They have to be the original All Terrain Vehicle 
Thanks for the Pics,
Keith


----------



## bobhch

*I am a Hobby Talk Mini Bike club member now! Yippie!!!!*

Well our kids are 6 & 7 and picked this 2.85 h.p. guy up for them. I know what you are saying....Slow, Slow, Slow. yUP. When Ginger saw this in the garage yesterday she was not happy at all.  She thinks these things they call Mini Bikes are dangerous. NOT!! They are fun and now she is talking to me a little bit tonight and not GROWLING at me.










Will be removing all the Warning and BS stickers soon. Mneyes Stickers will look much beter anyways. They said this bike was not intended for use by anyone younger than 16 and rate it at 150 lbs MAX rider weight...YEAH RIGHT. 










I will try a few tricks to push this thing a little faster later on. Heck our 6 year old son needs to grow a little first before he can touch the ground. We won't be zooming around on this till Summer. Later on a larger engine can be switched in to place. 

Started it up for the kids tonight before Ginger got home from work. After shutting it off the kids each took their turn of sitting on it. What suprised me the most was our Daughter Bree with her motorcycle Vroooom, vroooom noises. She is usualy all Girly but, this Mini Bike has put a little Tom Boy in her if just for a bit. lol Have basicaly been leaving the whole Mini Bike conversation at rest for now around here till the storm blows over.

Picked this up at Tractor Supply for $300.00 plus $20.00 more for tax. It fit in the back of my Honda Element but, had to flip one of the rear seats up to get it in. Was hopping that it would fit in without flipping the seat up so both kids could ride in the back...dang it. HEY at least it fits! They call this a Doodle Bug and is a 4 stroke 97cc motor. It is safe and slow for the kids which is what I needed to prove that it is safe....for now. Buhahahahaahahahahahah 

Bob...If you can't have a little fun then what is the point of living?...zilla


----------



## Bill Hall

Oh whatever Zilla...
...bought it for the kids...hahahahahaha.....boulderdash...yer nose just grew a foot!

Everyone here knows yer gonna candy it, flame it out, get a German army helmet and use that lil' peanut to commute to work!


----------



## vaBcHRog

I had one of these but mine had an extra fake exhaust so it looked like it had dual exhaust and chrome fenders.










Roger Corrie


----------



## bobhch

*Nope this one isn't Bobs Bomb...it's a Mooneyes theme for sure (flames yeah!)...*



Bill Hall said:


> Oh whatever Zilla...
> ...bought it for the kids...hahahahahaha.....boulderdash...yer nose just grew a foot!
> 
> Everyone here knows yer gonna candy it, flame it out, get a German army helmet and use that lil' peanut to commute to work!


Bill,

Now I gotta find that German Helmet, paint it black with a chrome spike sticking up on top. Ooooooooooooooh with Iron Crosses on the sides. Great idea Bill...Thank You!

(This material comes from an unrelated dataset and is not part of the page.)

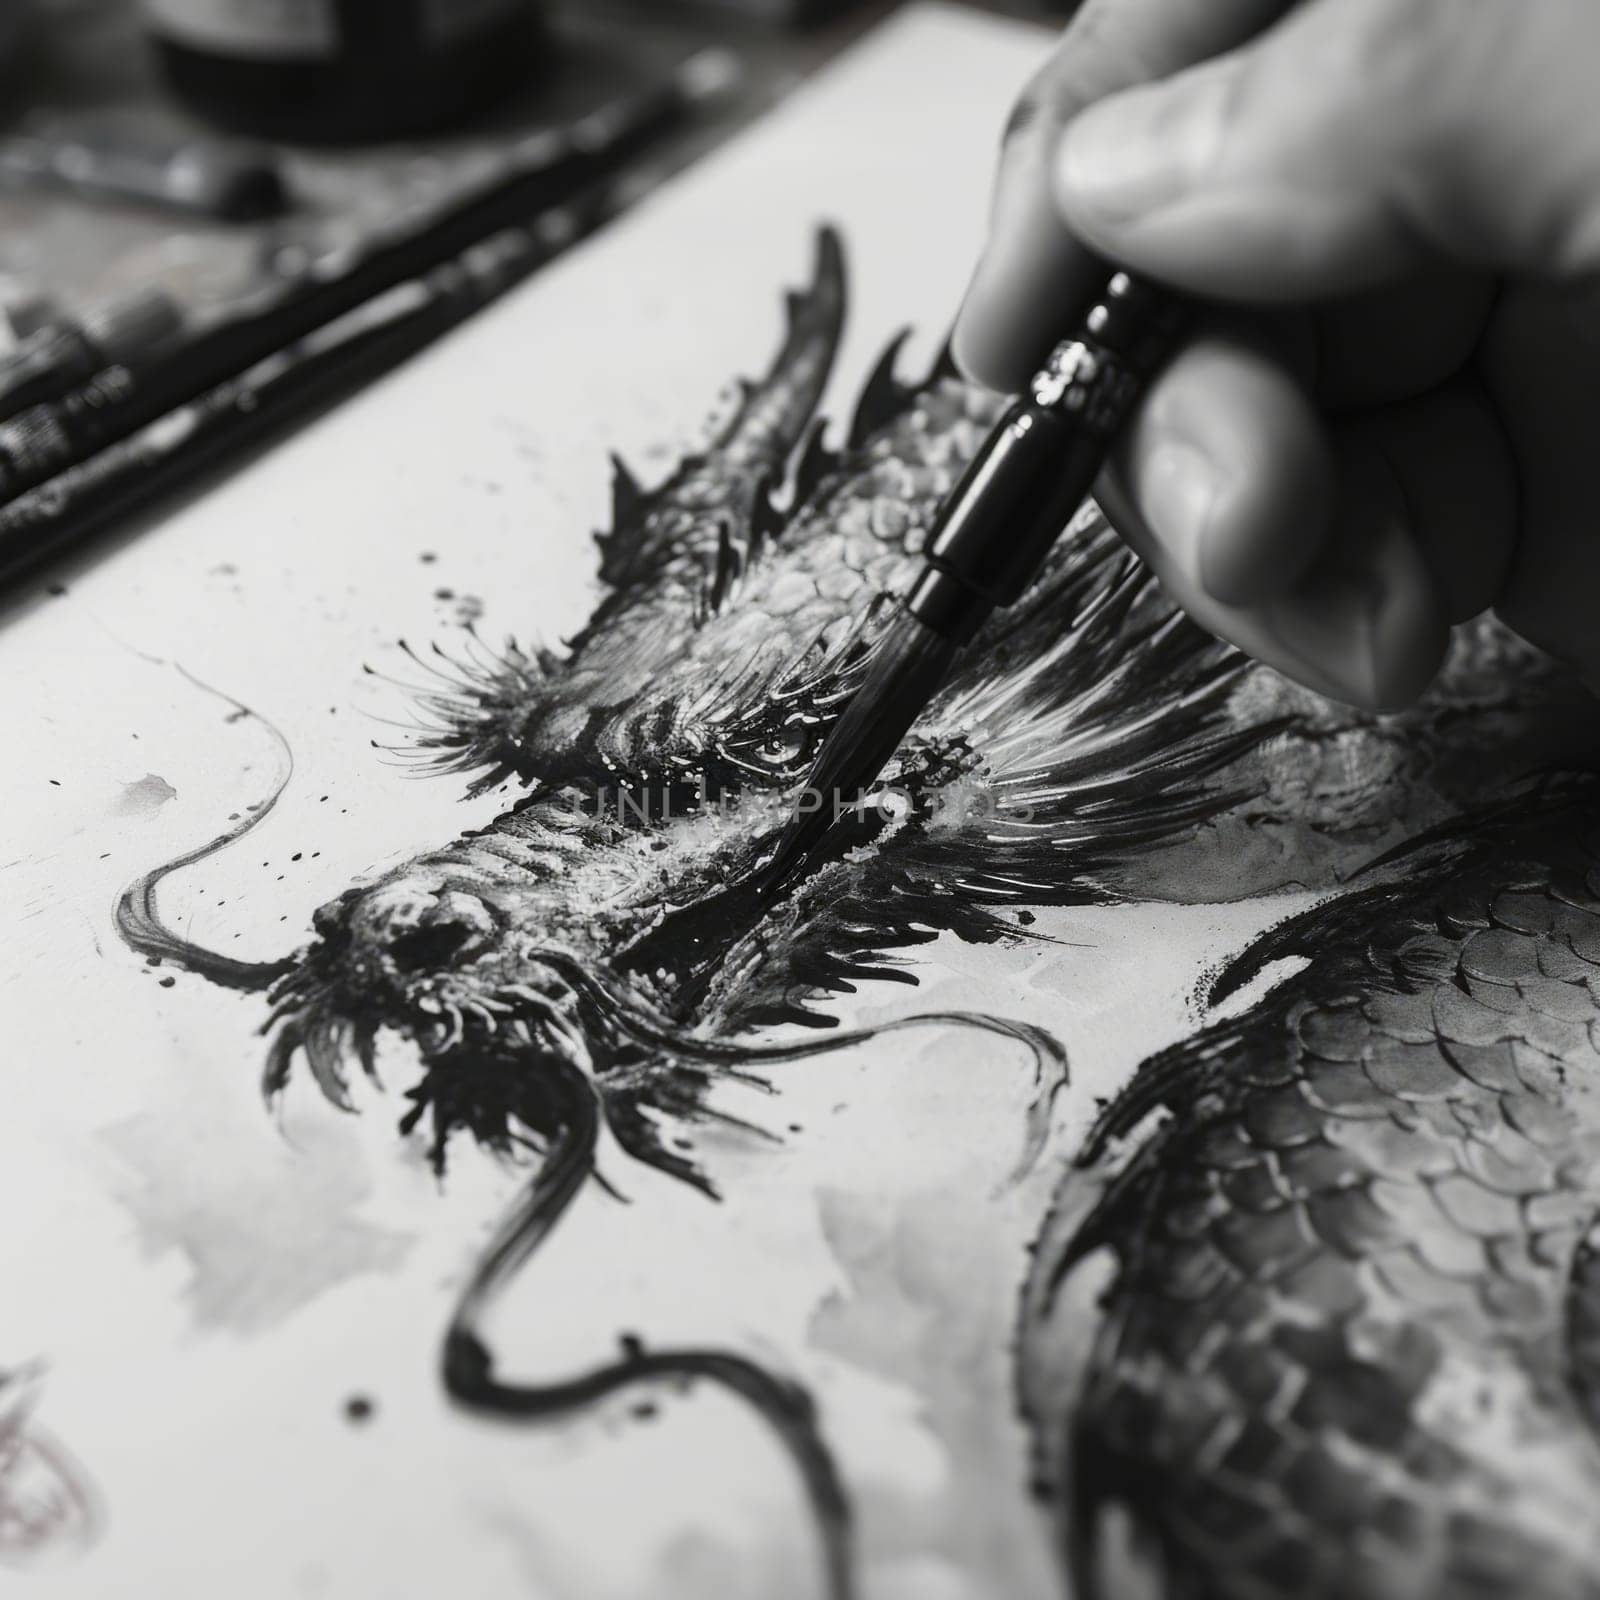 Black and white painting of a dragon. Year of the dragon concept.
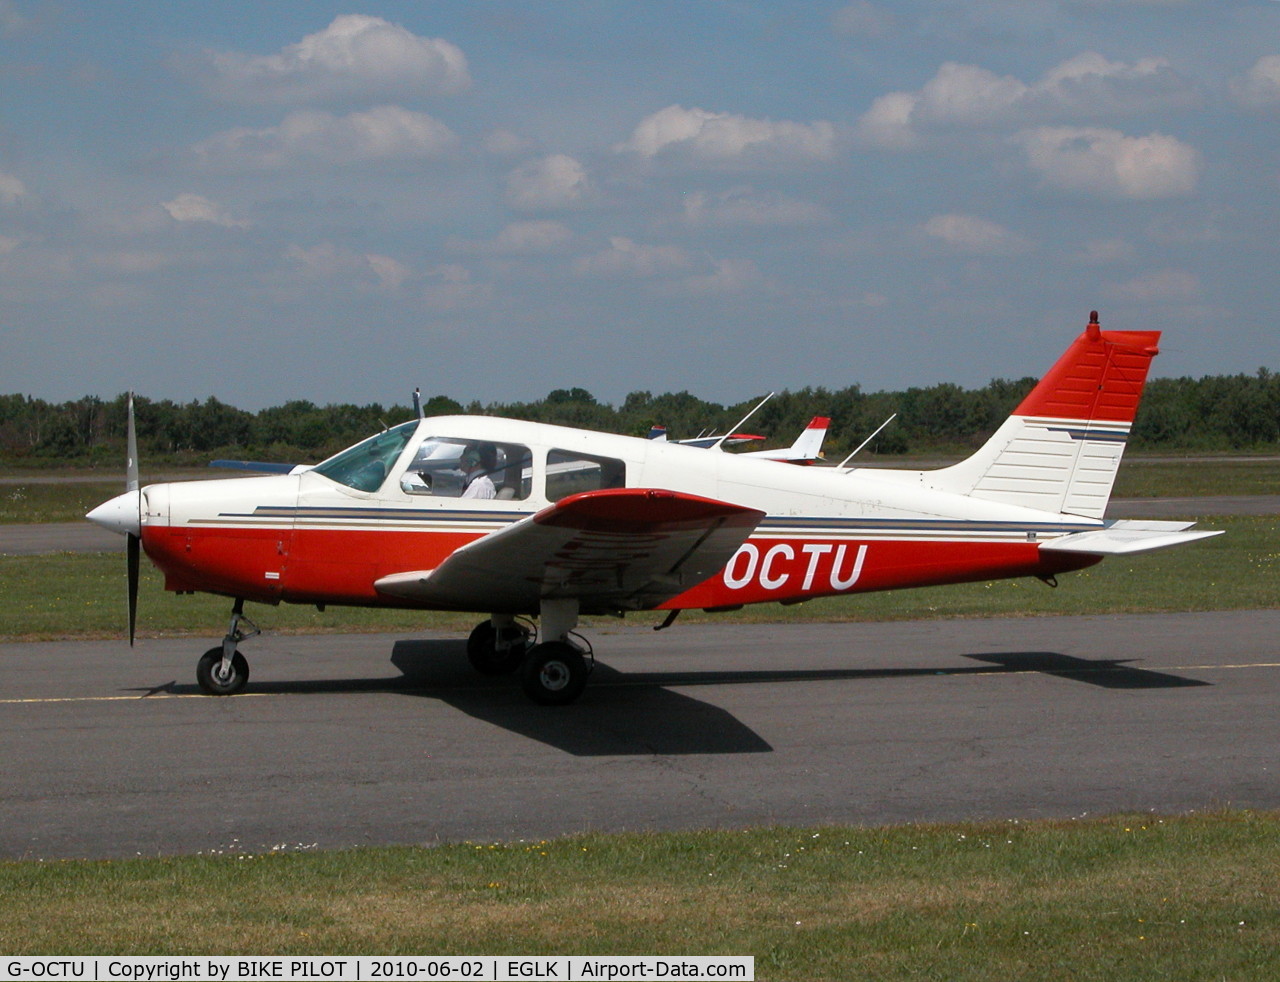 G-OCTU, 1989 Piper PA-28-161 Cadet C/N 2841280, VISITING PA-28 TAXYING PAST THE CAFE

Hoping that Ginger will take the kids out this weekend and slip " The Shiznitz" out for a quick spin.  Yeah it is named already. :hat: Oh boy, oh boy, oh boy! 

Bob...The next one gets painted candy Bill and dubed "The Bomb"...zilla


----------



## bobhch

vaBcHRog said:


> I had one of these but mine had an extra fake exhaust so it looked like it had dual exhaust and chrome fenders.
> 
> 
> Roger Corrie


Roger that is some COOL old School Mini Bike man!


----------



## RiderZ

*!!!*

Sweet looking mini Bob.Heres a link to a site with lots of good stuff.Check out the Baja Mini Doodle section.There yanking the factory 2.8's and putting in 6.5 Honda clone engines.Woo-Hoo!!!:thumbsup:
http://www.oldminibikes.com/forum/


----------



## bobhch

*am bobhch on oldminibikes.com now*



RiderZ said:


> Sweet looking mini Bob.Heres a link to a site with lots of good stuff.Check out the Baja Mini Doodle section.There yanking the factory 2.8's and putting in 6.5 Honda clone engines.Woo-Hoo!!!:thumbsup:
> http://www.oldminibikes.com/forum/


Thanks RiderZ,

I just joined and was reading lots of hop ups on the stock engine. I knew about the speed control screw.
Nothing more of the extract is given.